Tourists have been warned about the upcoming heatwave as thousands of Britons head to the country every week.

The State Meteorological Agency Aemet said June, July and August will be much warmer than normal.

Ruben Del Campo, from Aemet, explained: “The probability that the next quarter will be warmer than normal is very high.”

The most popular holiday spots, including the Canary Islands, Tenerife, Gran Canaria and Lanzarote, and the Balearic Island, Majorca, Menorca and Ibiza, will be the most affected.

The probability of a much warmer summer in the Canaries, as well as the northwest of Spain, is currently at 70 percent.

Rainfall this month is predicted to be below average.

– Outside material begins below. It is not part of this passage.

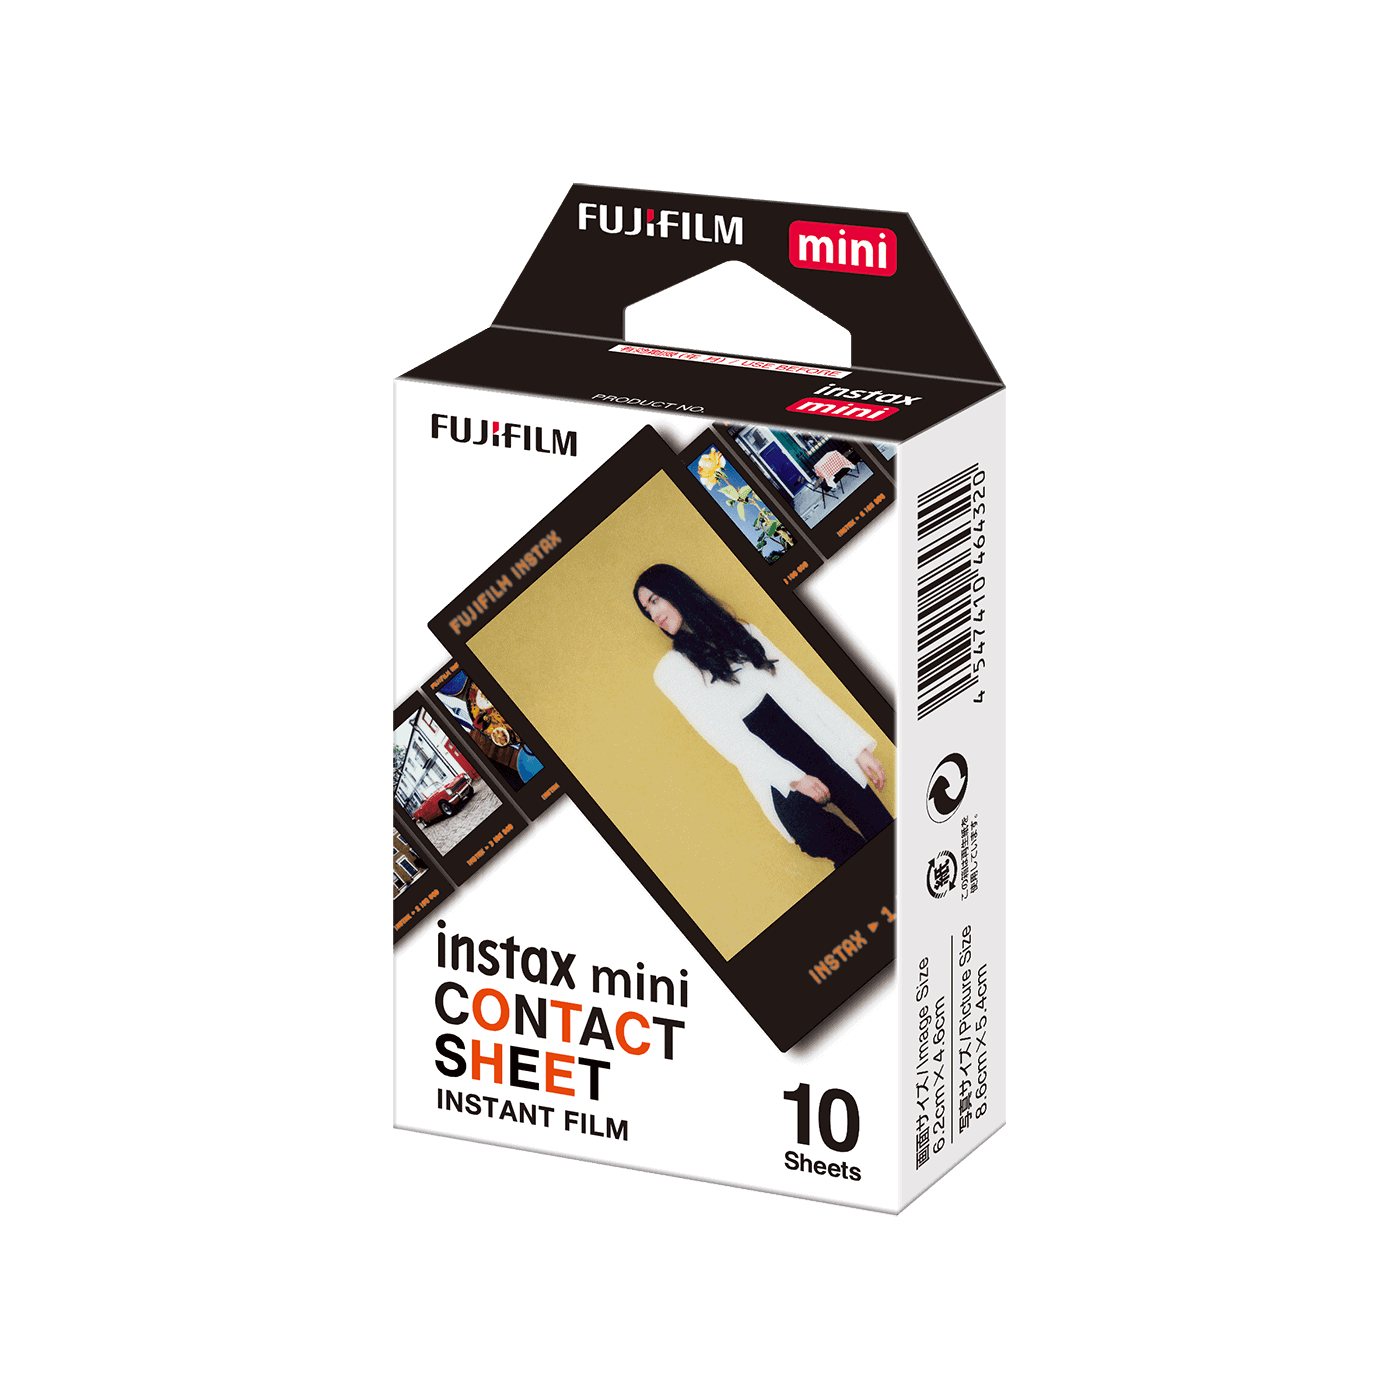 Fujifilm instax mini Instant Film (Contact Sheet)

A heat prevention plan has already been launched in the Canary Islands, as well as a surveillance system for the impact of high temperatures on the health of the population.

Healthcare centres have been put on the alert and a warning has been issued in some specific areas.

British tourists visiting the Canary Islands are advised to check how to protect themselves from the high temperatures. Travellers can visit www.canariasaludable.org to find out more.

A health spokesperson from the Canary Islands said: “These actions are intended to increase individual prevention capacity to face the heat in the Canary Islands by applying measures that are easy and accessible.

“All the hospitals and the Canary Islands Emergency Service (SUC) have staff designated and specially trained to deal with and effectively coordinate the services in the event of a possible heatwave, as well as the established communication channels.”

The alert in the Canary Islands will continue until September 15.

The World Meteorological Organization defines a heatwave as an “unusually warm weather” that persists for “at least two days” with “records above the thresholds”.

In Spain, the Aemet determines that “extreme temperatures must be registered among the five percent of the warmest, affect 10 percent of the [meteorological] stations and last three days at least,” explained Rubén del Campo.

The heatwave beginning this week meets all three conditions.

It will last at least six days, it will affect at least a third of the country and it will exceed 42 degrees.

Temperatures must be exceptionally high compared to the usual average at a measurement point.

The highest temperature in history recorded in Spain was 46.9 degrees, in Cordoba, in the south of Spain.